7. The system of claim 4, wherein the output component is configured to output the relevance of the object in response to a query, and

wherein the joint probability distribution includes a conditional dependency represented by a query-dependent multinomial distribution, wherein the noise in the training data is dependent on the query.

8. The system of claim 1, wherein the analysis component is configured to associate the object with at least two random variables to determine the relevance of the object: a hidden variable representing the actual label and an observable variable representing the observed label.

9. The system of claim 1, wherein the output component is configured to rank the relevance of the object with respect to another object, and to output the relevance of the object and the relevance of the other object in an arrangement according to their respective rankings.

10. One or more computer readable storage media comprising computer executable instructions that, when executed by a computer processor, direct the computer processor to perform operations including:

learning at least two modeling parameters for a graphical model by maximizing a log likelihood of a set of training data;

modeling noise in the set of training data with the graphical model based in part on the at least two modeling parameters;

modeling a ranking function for the training data with the graphical model;

receiving a relevance query from a user regarding a document;

determining a ranked relevance of the document based on the graphical model and the query; and

outputting the ranked relevance of the document to the user.

11. The one or more computer readable storage media of claim 10, wherein the maximizing a log likelihood of the set of training data includes iterating an expectation maximization (EM) technique on the set of training data until the iterations converge.

12. The one or more computer readable storage media of claim 10, wherein the graphical model is configured to capture (1) a conditional dependency of an actual label of the document on the features of the document, and (2) a conditional dependency of an observed label of the document on the actual label of the document.

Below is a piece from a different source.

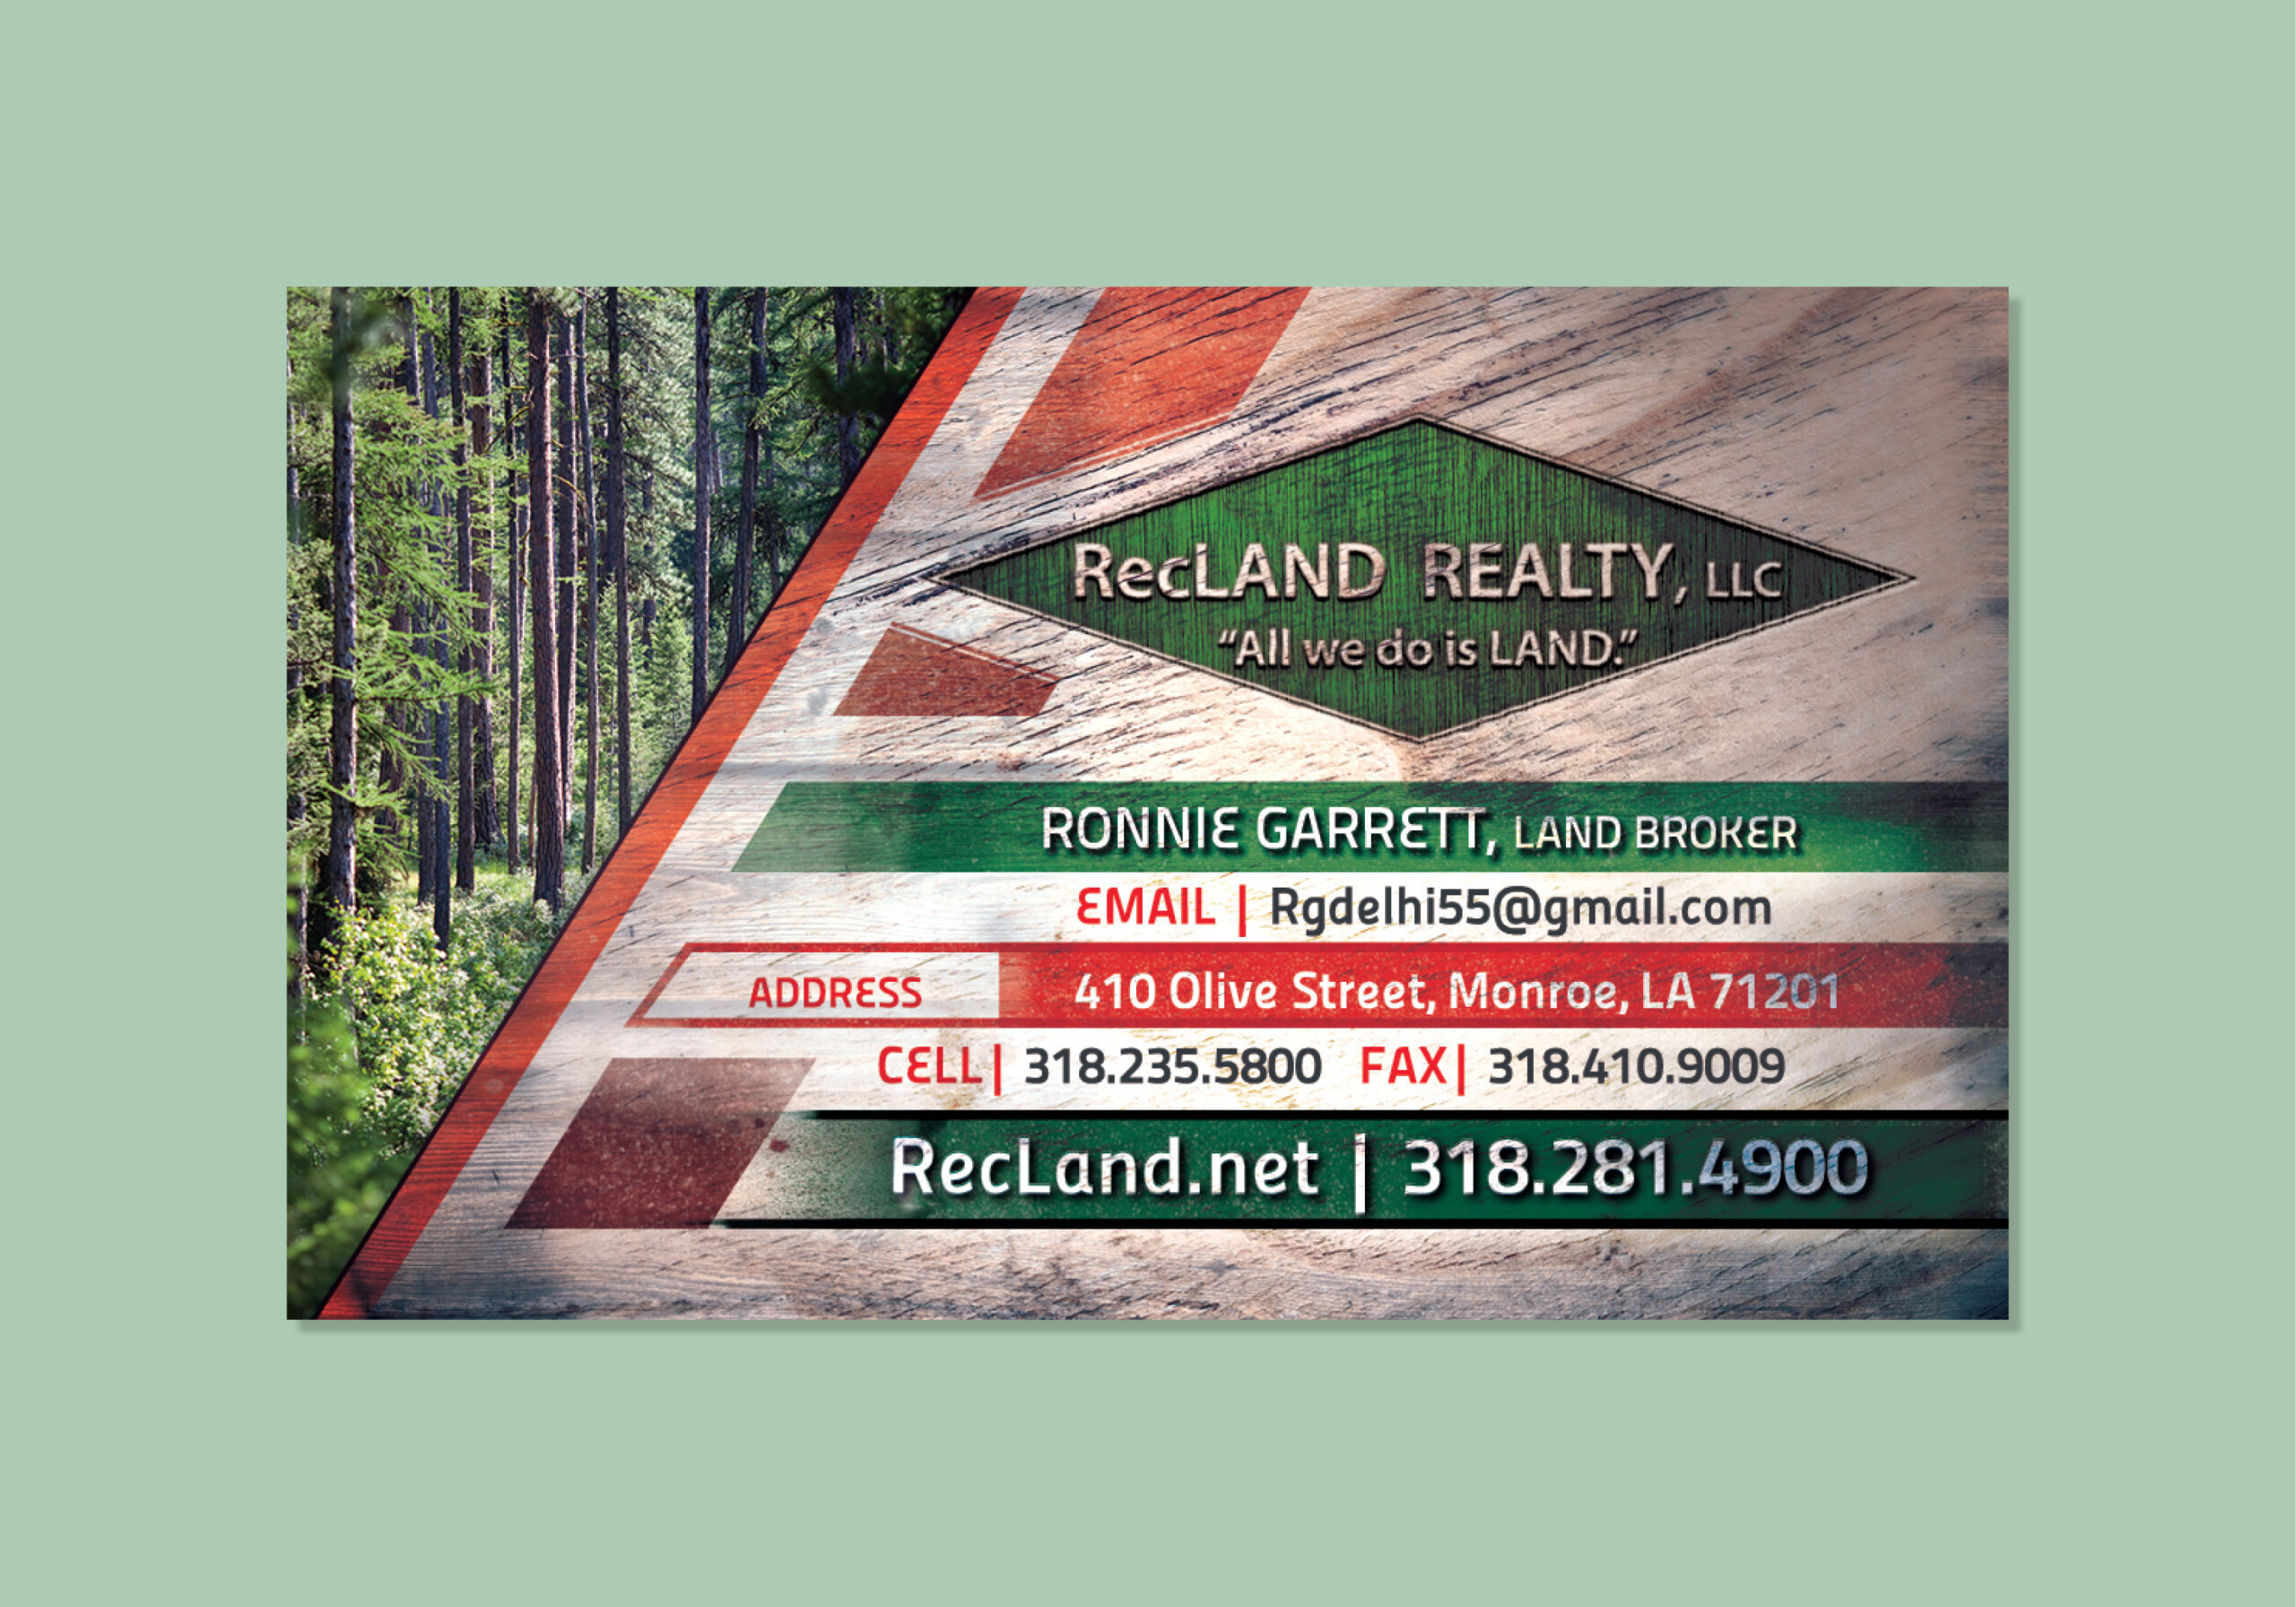 Recland-business-card

13. The one or more computer readable storage media of claim 12, wherein the graphical model is configured to distinguish the actual label of the document from the observed label of the document, the graphical model being configured to model noise based on the query.

14. A computer implemented method of determining a relevance of a document, the method comprising:

receiving a set of training data for a machine learning technique;

learning a modeling parameter for a graphical model by maximizing a log likelihood of the training data;

modeling noise in the training data with the graphical model based in part on the modeling parameter;

modeling a ranking function for the training data with the graphical model;

determining a relevance of the document based on the graphical model; and

outputting the relevance of the document.

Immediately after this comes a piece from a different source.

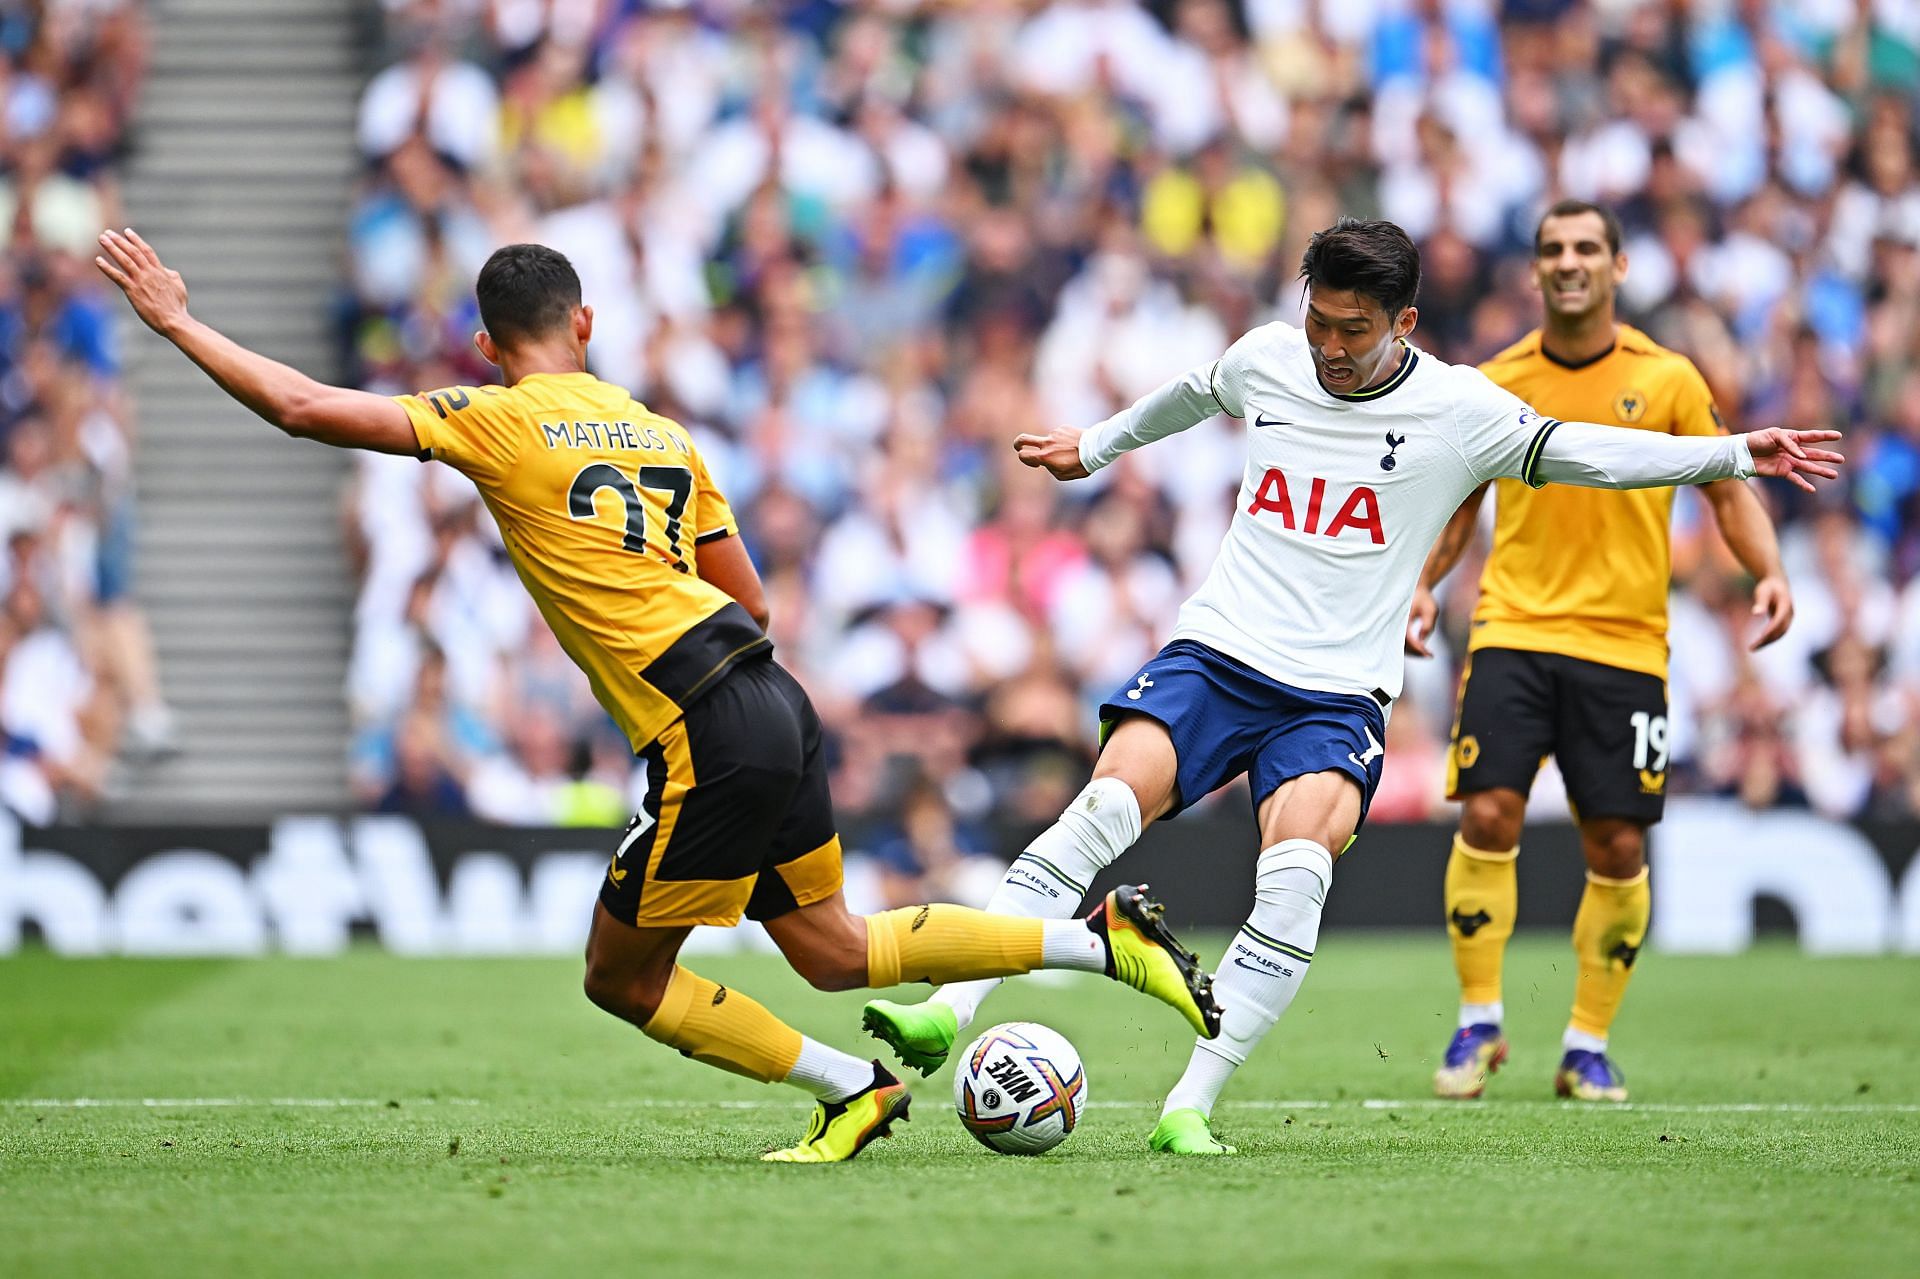 Tottenham have taken time to get going in all three of their Premier League matches thus far

15. The method of claim 14, wherein the training data comprises a set of queries, each of the queries being associated to a set of documents.

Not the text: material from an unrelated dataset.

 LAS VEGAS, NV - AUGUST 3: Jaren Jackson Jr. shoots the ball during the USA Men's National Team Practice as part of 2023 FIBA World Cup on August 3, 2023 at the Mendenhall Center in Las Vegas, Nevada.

16. The method of claim 14, wherein the modeling parameter represents a weight of a feature of the document.

17. The method of claim 14, wherein the modeling parameter represents a degree of noise in a proposed relevance of a document, the modeling parameter being dependent on a query associated to the document.

18. The method of claim 14, wherein the maximizing comprises iteratively performing operations of:

estimating an expected value of the log likelihood of the training data with respect to a probability of the relevance of the document, given feature vectors of the document, a proposed relevance of the document, and an estimate of the modeling parameter; and

selecting a modeling parameter that maximizes the expected value of the log likelihood.

19. The method of claim 14, further comprising updating the modeling parameter using a gradient assent technique.

20. The method of claim 14, further comprising inferring a relevance of the document by maximizing a probability of the relevance of the document, given a feature vector of the document and a weight of the feature vector.

21. The method of claim 20, wherein the probability of the relevance of the document given the feature vector is based on a pairwise preference between the document and another document.